Comment in ginpostinglist.c doesn't match code

Previous Topic Next Topic
 
classic Classic list List threaded Threaded
5 messages Options
Reply | Threaded
Open this post in threaded view
|

Comment in ginpostinglist.c doesn't match code

Heikki Linnakangas
Hi,

While merging Greenplum with 9.4, we ran into problems with the GIN
posting list encoding, because Greenplum sometimes uses ItemPointers
with offset numbers up to 32768. The GIN posting list code was written
with the assumption that the maximum is MaxHeapTuplesPerPage, and it
uses only 11 bits for the offset number.
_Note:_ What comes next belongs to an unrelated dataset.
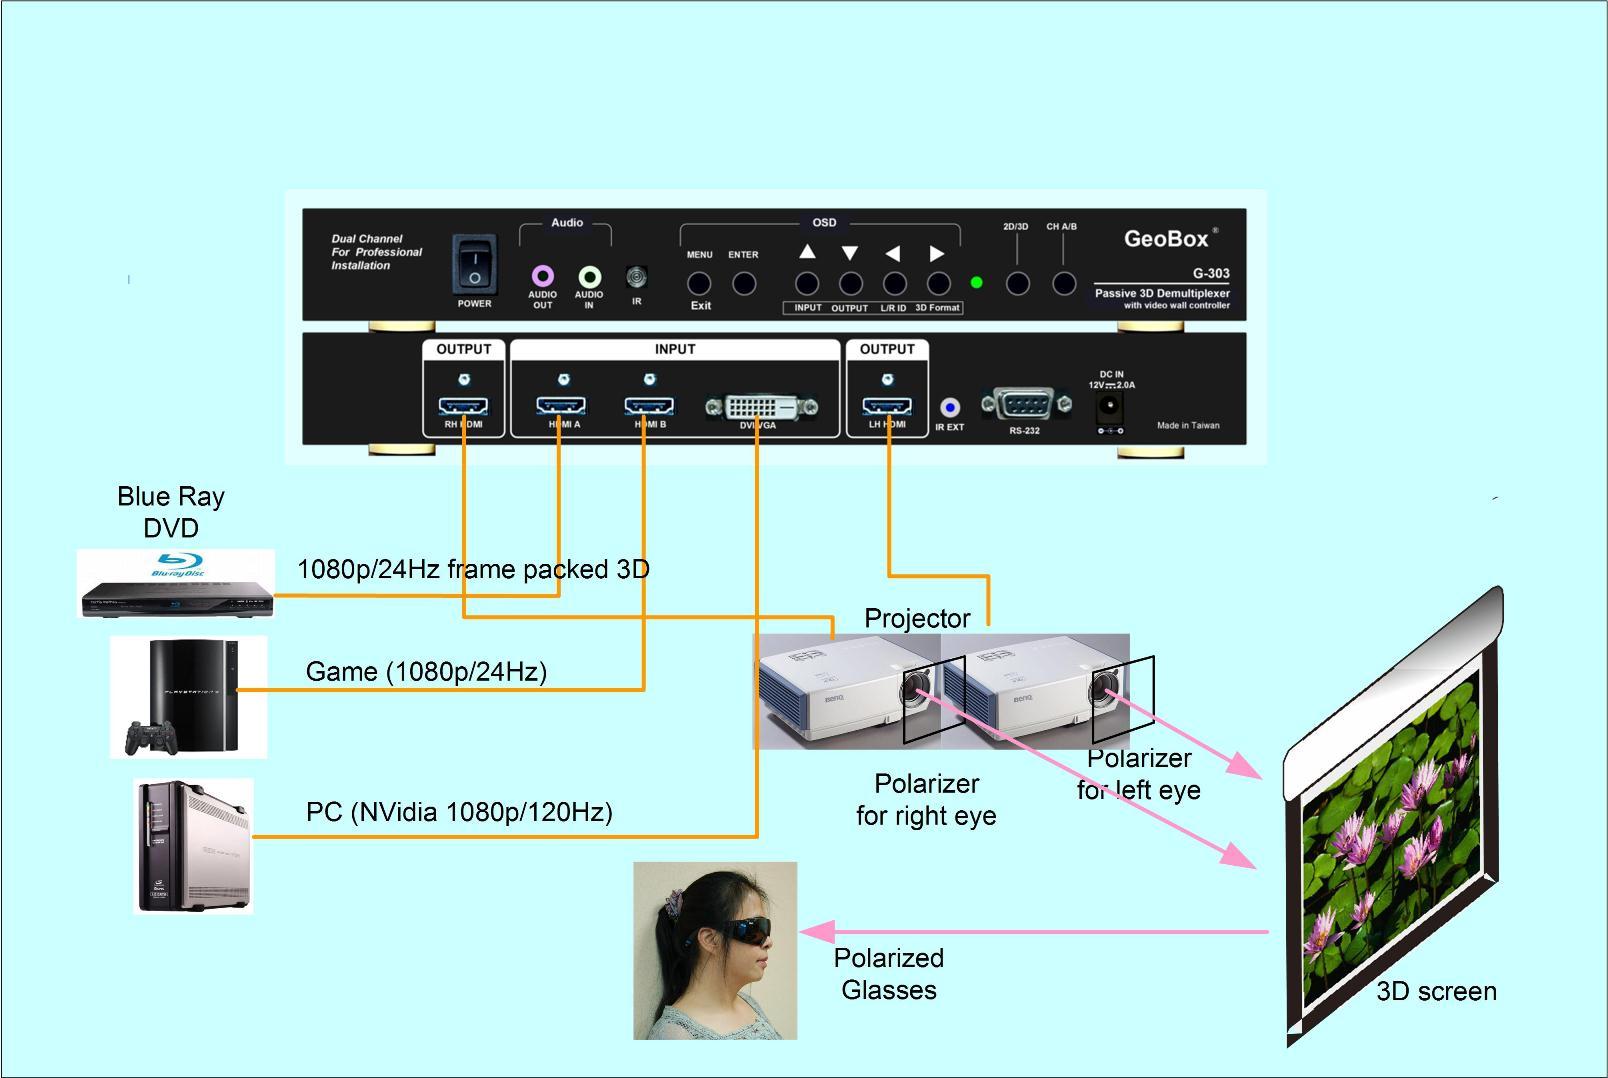 G-303 Dual Channel Professiona Active/passive 3d Processor

The fix was simple, we just
modified ginpostinglist.c to use full 16 bits instead of 11.

However, I noticed that this comment in ginpostinglist.c that explains
the encoding doesn't match the code:

>  * These 43-bit integers are encoded using varbyte encoding. In each byte,
>  * the 7 low bits contain data, while the highest bit is a continuation bit.
>  * When the continuation bit is set, the next byte is part of the same
>  * integer, otherwise this is the last byte of this integer.  43 bits fit
>  * conveniently in at most 6 bytes when varbyte encoded (the 6th byte does
>  * not need a continuation bit, because we know the max size to be 43 bits):
>  *
>  * 0XXXXXXX
>  * 1XXXXXXX 0XXXXYYY
>  * 1XXXXXXX 1XXXXYYY 0YYYYYYY
>  * 1XXXXXXX 1XXXXYYY 1YYYYYYY 0YYYYYYY
>  * 1XXXXXXX 1XXXXYYY 1YYYYYYY 1YYYYYYY 0YYYYYYY
>  * 1XXXXXXX 1XXXXYYY 1YYYYYYY 1YYYYYYY 1YYYYYYY YYYYYYYY
>  *
>  * X = bits used for offset number
>  * Y = bits used for block number
The code doesn't actually give the 6th byte any special treatment. If
the input integer has the 43rd bit set, the encoding function will put a
continuation bit on the 6th byte, and generate a 7th byte. And the
decoding function will correctly decode that, too. So to my surprise,
the implementation actually works for integers up 49 bits wide. However,
there is an overflow check in the encoding function that assumes max 6
bytes per integer. That needs to be fixed, along with the comment.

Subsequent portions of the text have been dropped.